Large site only indexing 130 pages out of 1000s
« on: October 07, 2010, 11:52:43 PM »
Hi,

I am having some problems getting my site crawled properly so that the whole thing is indexed.

Is there any settings I should change to get the whole site indexed?  The site has about 40,000 pages.

An example of a root to a page not being indexed would be

1. [ External links are visible to forum administrators only ]
2. [ External links are visible to forum administrators only ]
3  [ External links are visible to forum administrators only ]
4  [ External links are visible to forum administrators only ]

Number one and two are indexed ok - but it does not seem to follow the links on 2 so it never reaches 3 & 4.

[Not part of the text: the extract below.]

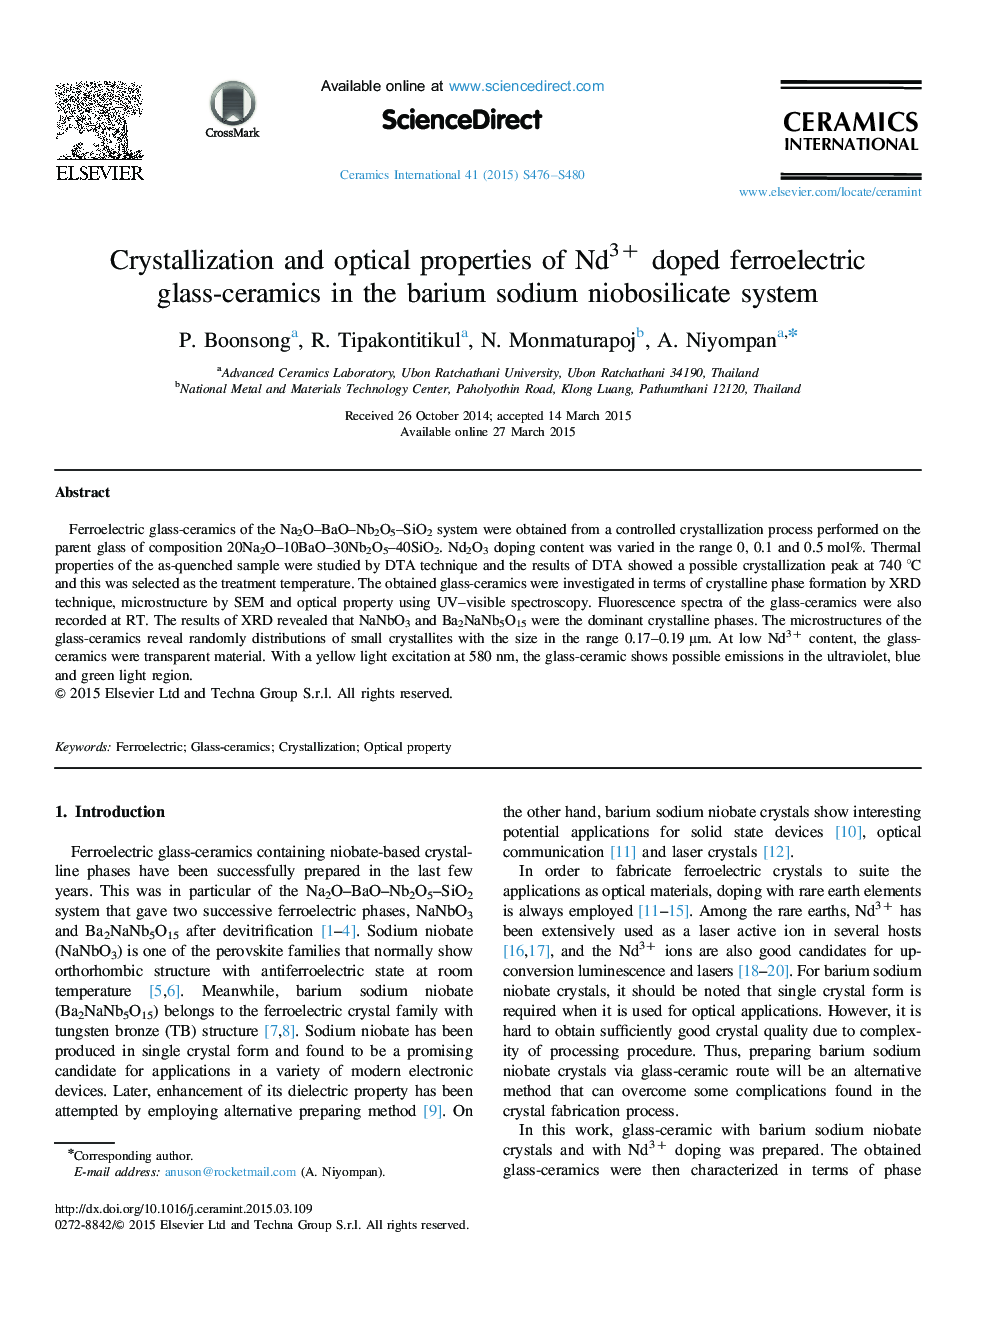 Crystallization and optical properties of Nd3+ doped ferroelectric glass-ceramics in the barium sodium niobosilicate system

Do you have any ideas what I could change to make this work.

Andrew
Re: Large site only indexing 130 pages out of 1000s
« Reply #1 on: October 08, 2010, 09:35:09 AM »
Hello,

looks like links 3 and 4 are pointing to www domain, while starting link is from non-www domain. You should use [ External links are visible to logged in users only ] as Starting URL to resolve that.
Re: Large site only indexing 130 pages out of 1000s
« Reply #2 on: October 08, 2010, 07:18:44 PM »
Hi,

Thats great its seems to be working better now!

But I am getting the error message:

fatal error: Allowed memory size of 67108864 bytes exhausted (tried to allocate 15466507 bytes) in /home/squ1981/public_html/brightmindsrecruitment.co.uk/generator/pages/class.utils.inc.php(2) : eval()'d code on line 27

Do you have any idea on how to deal with this / reduce the impact of the crawl so it can get all the way through.

Re: Large site only indexing 130 pages out of 1000s
« Reply #3 on: October 08, 2010, 09:04:15 PM »
Hello,

it looks like your server configuration doesn't allow to run the script long enough to create full sitemap. Please try to increase memory_limit and max_execution_time settings in php configuration at your host (php.ini file) or contact hosting support regarding this.